Published in final edited form as: Am J Trop Med Hyg. 2009 May 1;80(5):837–40.

Comparison of Indirect Immunofluorescence Assays for Diagnosis of Scrub Typhus and Murine Typhus Using Venous Blood and Finger Prick Filter Paper Blood Spots

Rattanaphone Phetsouvanh 1, Stuart D Blacksell 2, Kemajittra Jenjaroen 3, Nicholas P J Day 4, Paul N Newton 5,*
PMCID: PMC7610873  EMSID: EMS126155  PMID: 19407134

Abstract

We performed indirect immunofluorescence assays (IFAs) to compare levels of IgM and IgG antibodies to Orientia tsutsugamushi and Rickettsia typhi in admission-phase serum samples and filter paper blood spots (assayed immediately and stored at 5.4°C and 29°C for 30 days) collected on the same day from 53 adults with suspected scrub typhus and murine typhus admitted to Mahosot Hospital Vientiane, Lao People’s Democratic Republic. The sensitivities and specificities of admission-phase filter paper blood spots in comparison to paired sera were between 91% and 95% and 87% and 100%, respectively, for the diagnosis of scrub typhus and murine typhus. The classification of patients as having or not having typhus did not significantly differ after storage of the blood spots for 30 days (P > 0.4) at 5.4°C and 29°C. Because filter paper blood samples do not require sophisticated and expensive storage and transport, they may be an appropriate specimen collection technique for the diagnosis of rickettsial disease in the rural tropics.

Introduction

Rickettsioses are increasingly recognized as common causes of undifferentiated fever in the Asiatic tropics, with recent studies from Nepal, Lao People’s Democratic Republic (Laos), and Thailand highlighting their clinical importance.14 At Mahosot Hospital in Vientiane, Laos, 115 (27%) of 427 adults with negative blood cultures had serologic evidence of acute rickettsial disease: Orientia tsutsugamushi (14.8%), Rickettsia typhi (9.6%), and spotted fever group (2.6%).1 However, clinical discrimination of scrub typhus and murine typhus from other undifferentiated fevers, such as dengue, malaria, and leptospirosis, is often difficult.1,5,6 Laboratory diagnosis is crucial but is conventionally based on serologic analysis with indirect immunofluorescence assay (IFA) detection of specific IgM and IgG antibodies.4,5 However, in comparison with the large burden of disease, few laboratories are able to perform these assays in disease-endemic countries, and slides, microscopes, and training required are expensive.

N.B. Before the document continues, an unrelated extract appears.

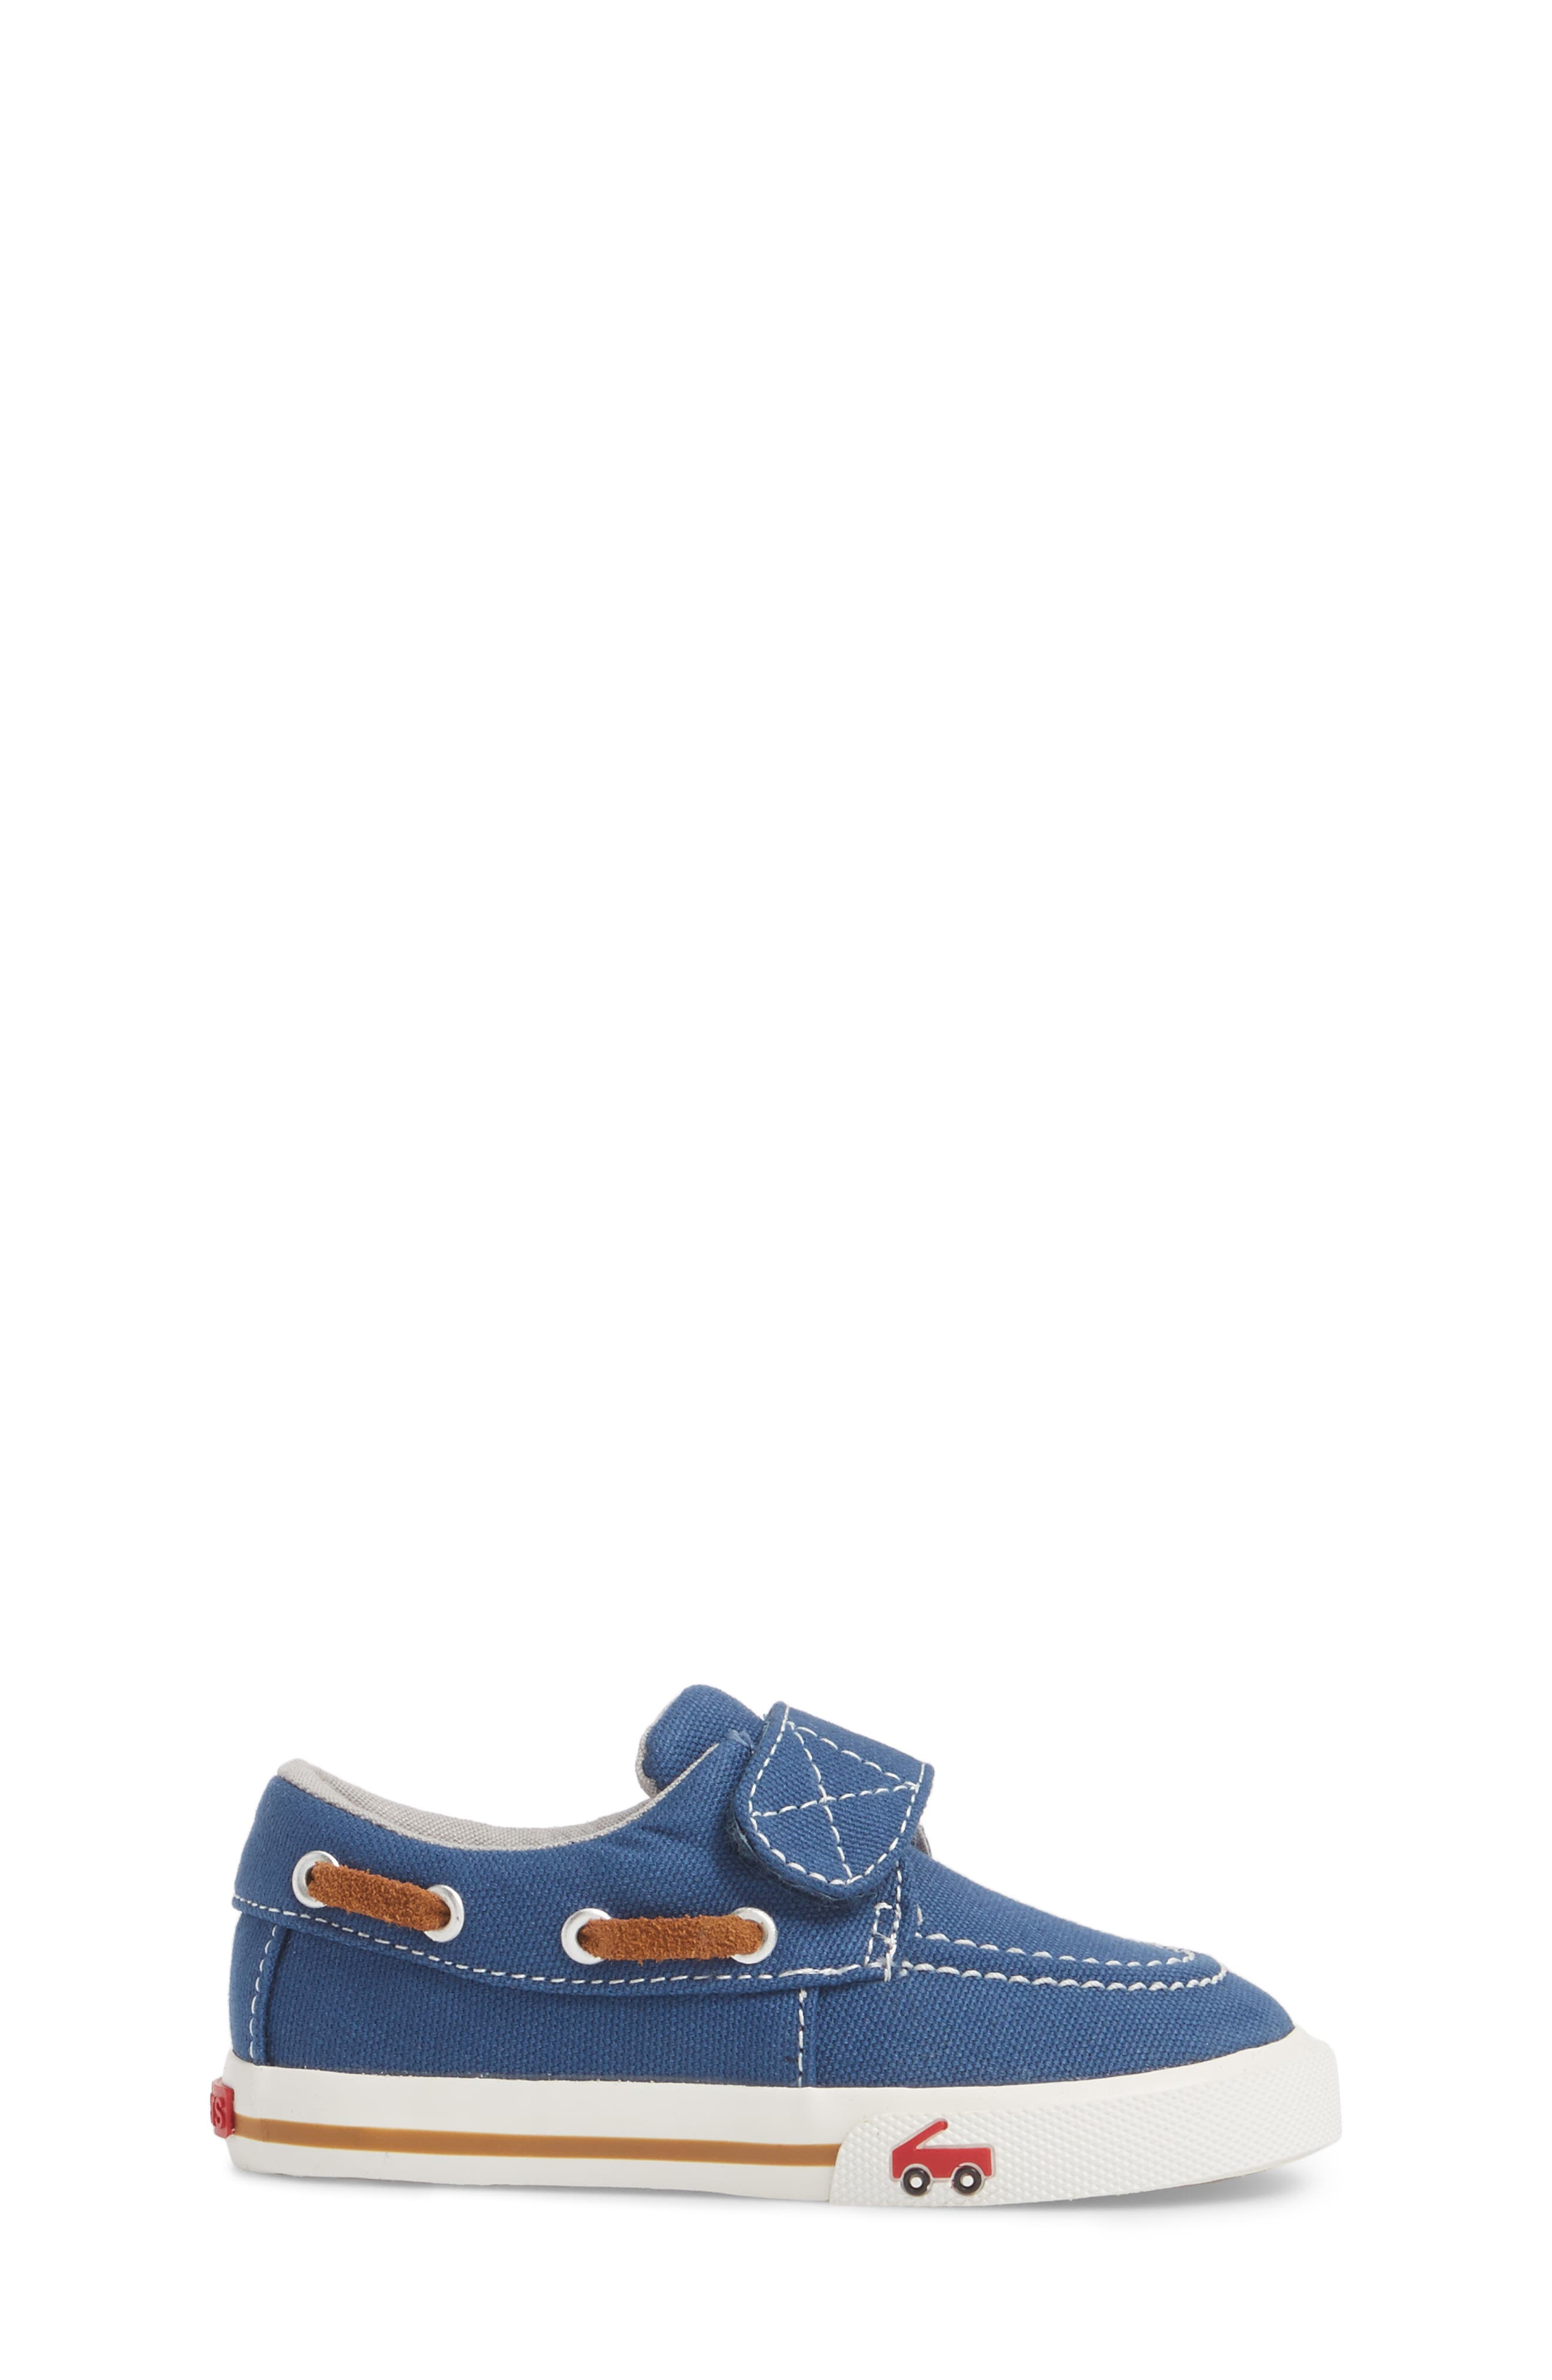 Elias Sneaker,                             Alternate thumbnail 3, color,                             Blue

Filter paper blood spots have been used in the diagnosis of infectious diseases since 1961 when Sadun and Anderson described their use in the fluorescent antibody diagnosis of schistosomiasis.7,8 In 1963, Guthrie and Susie developed the now widespread use of whole blood obtained by heel pricks blotted on to filter paper for neonatal metabolic disease screening, such as for congenital hypothyroidism.9 Filter paper blood spot-based assays have since been developed for diagnosis of a wide range of infectious diseases by detection of antibodies and organism-specific genes by the polymerase chain reaction.911

Rural tropical areas often have insufficient access to diagnostic laboratory facilities and difficulties in transporting frozen specimens. Therefore, filter paper blood spots may be an economic and simple alternative to sending frozen diagnostic specimens to a centralized laboratory.

Three studies have examined the use of filter paper blood spots in serologic diagnosis of rickettsial disease.1214 In a comparison of IFA titers between serum samples obtained by venipuncture and blood from nine patients with antibodies to R. conorii that was anticoagulated with EDTA and placed on filter papers stored at room temperature and 4°C, all had either the same or one dilution lower titers, except one sample for which the IFA titer was two dilutions lower when the sample was stored at room temperature.14 In a comparison of IFA titers from serum samples and whole blood on filter paper in the diagnosis of O. tsutsugamushi infection, only 4 (2%) of 173 samples were incorrectly classified as being above or below the screening titer.13 However, these studies variably had small sample sizes, anti-coagulated blood was used, blood was applied with a pipette (which is not practical in the field), murine typhus was not included, and statistical tests were not used to assess accuracy.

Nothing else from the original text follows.